SECRET_KEY: "aws_secret"
S3_PATH: "s3://my-awesome-website/"
SYNC_FROM_S3: "true"
volumes:
- name: web-data
emptyDir: {}

Now we have two containers: the NGINX one and now a container running the s3 sync command (https://github.com/ocastastudios/docker-sync-s3/). This will copy all of our website data from the Amazon S3 bucket called my-awesome-website to the volume that is also being shared with the NGINX container. This means we now have a website; note that this time, as we want to write to the volume, we are not mounting it read-only.

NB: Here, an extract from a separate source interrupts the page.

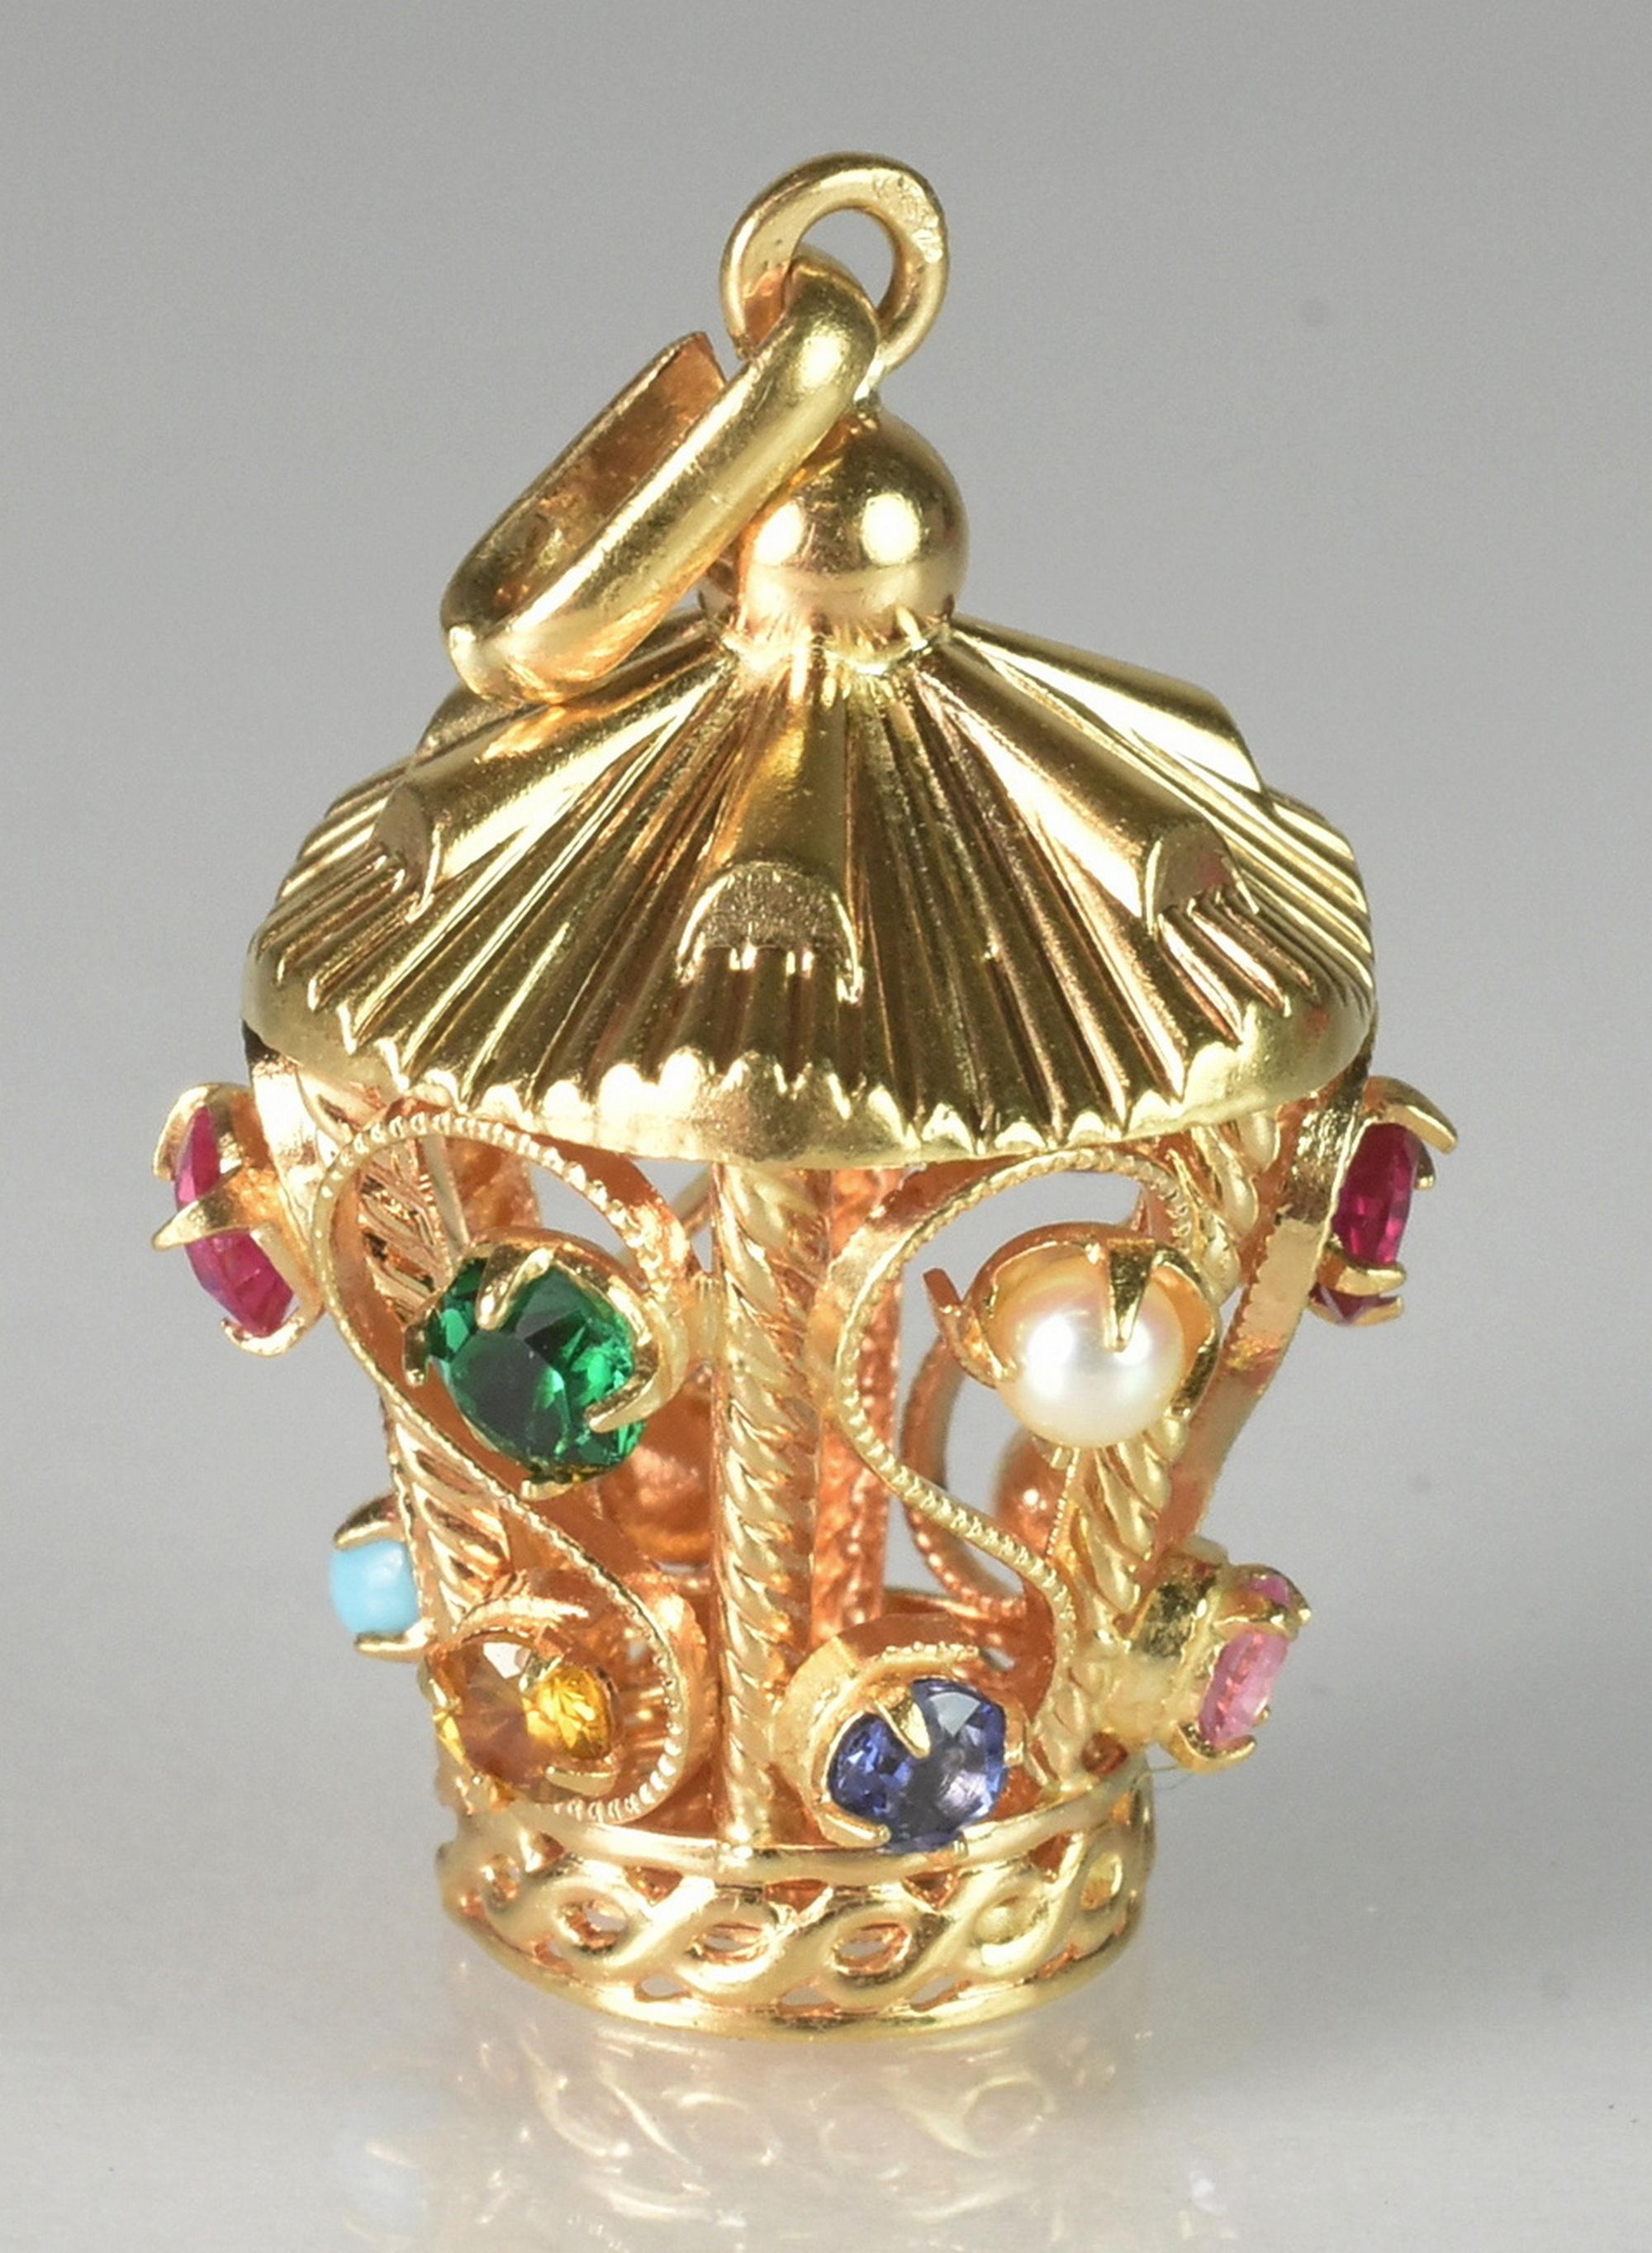 18K Yellow Gold Lantern Charm with Multicolored Stones. Great condition. Measures 5/8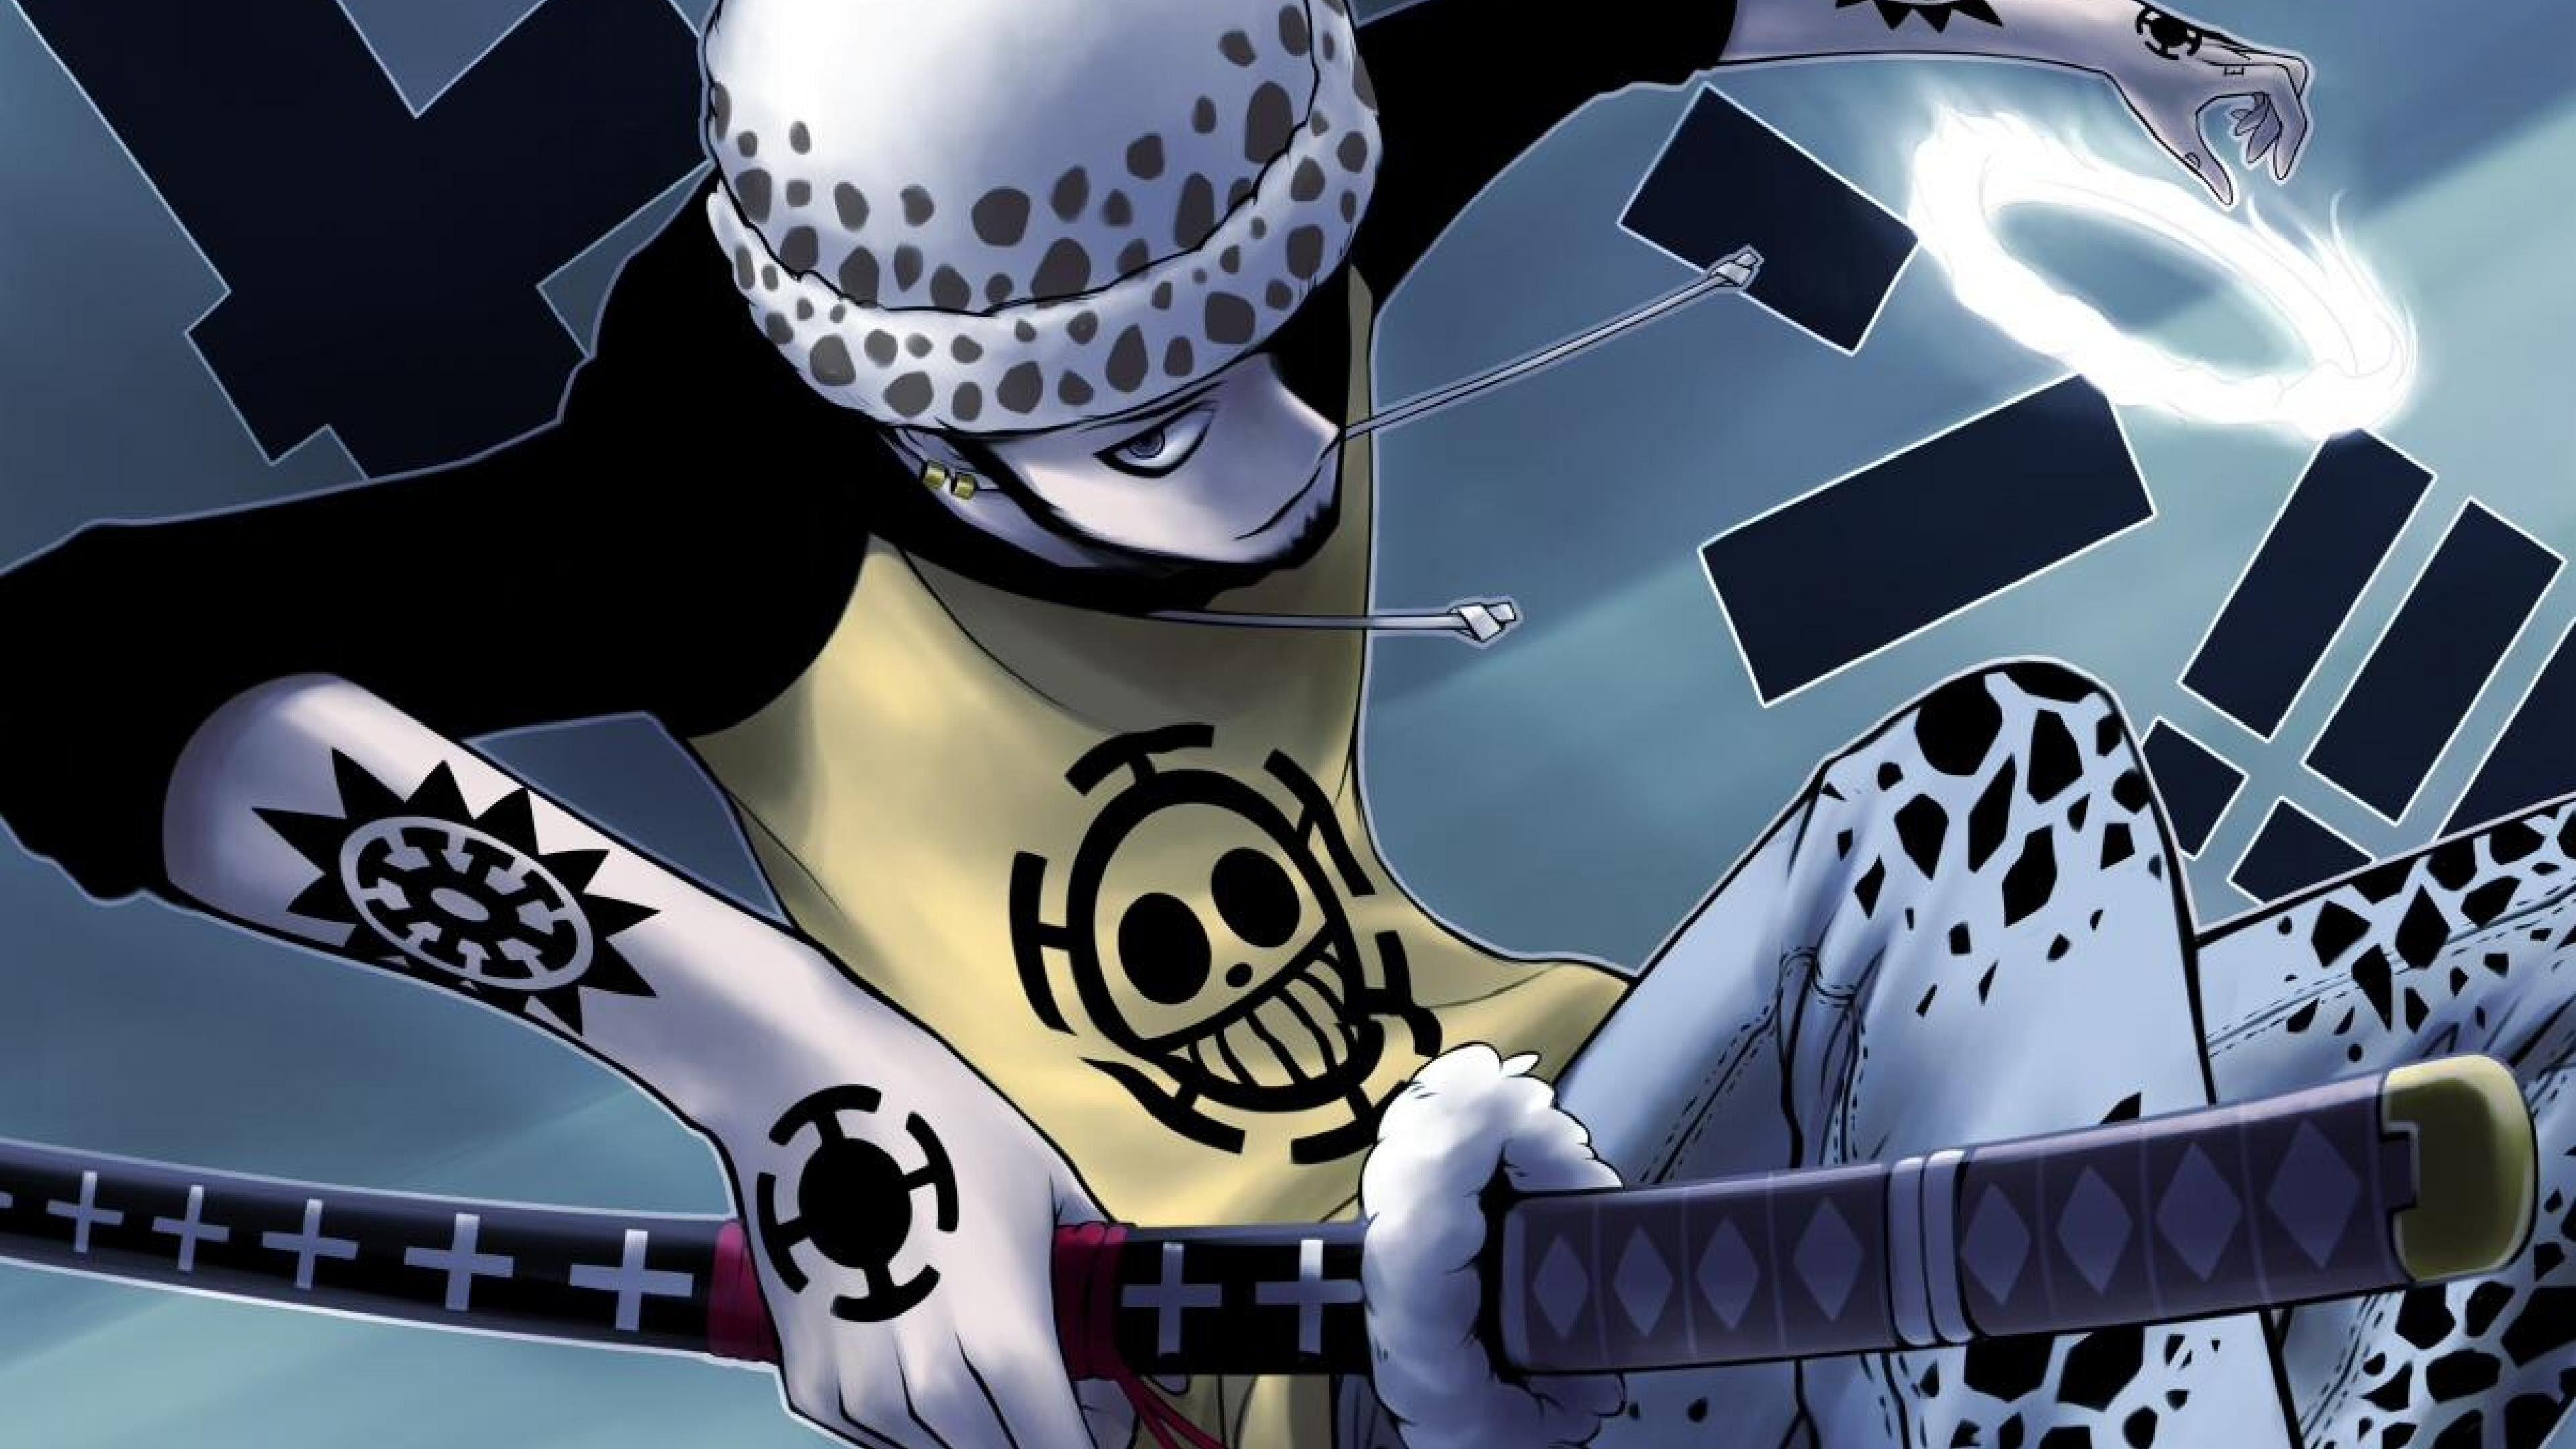 65 trafalgar law wallpapers images in full hd, 2k and 4k sizes.

So far, so good, you might be thinking to yourself; we have a pod serving our website that is being deployed from an Amazon S3 bucket, which is all true. However, we have not quite finished. We have a pod running, but we need to expose that pod to the network to be able to access it in a browser.

To do this, we need to launch a service. For our example, the service file would look something like:

apiVersion: v1
kind: Service
metadata:
name: nginx-service
spec:
selector:
app: nginx
ports:
- protocol: TCP
port: 80
targetPort: 8080

As you can see, the service definition looks similar to the pod one. We are setting a name using the metadata section. We are then selecting our NGINX pod and mapping port 80 to port 8080, which is what our pod is listening on.

As already mentioned, we will look at this in more detail in the next chapter when we launch our first Kubernetes cluster, but for now, this should give you a good idea of how Kubernetes hangs together.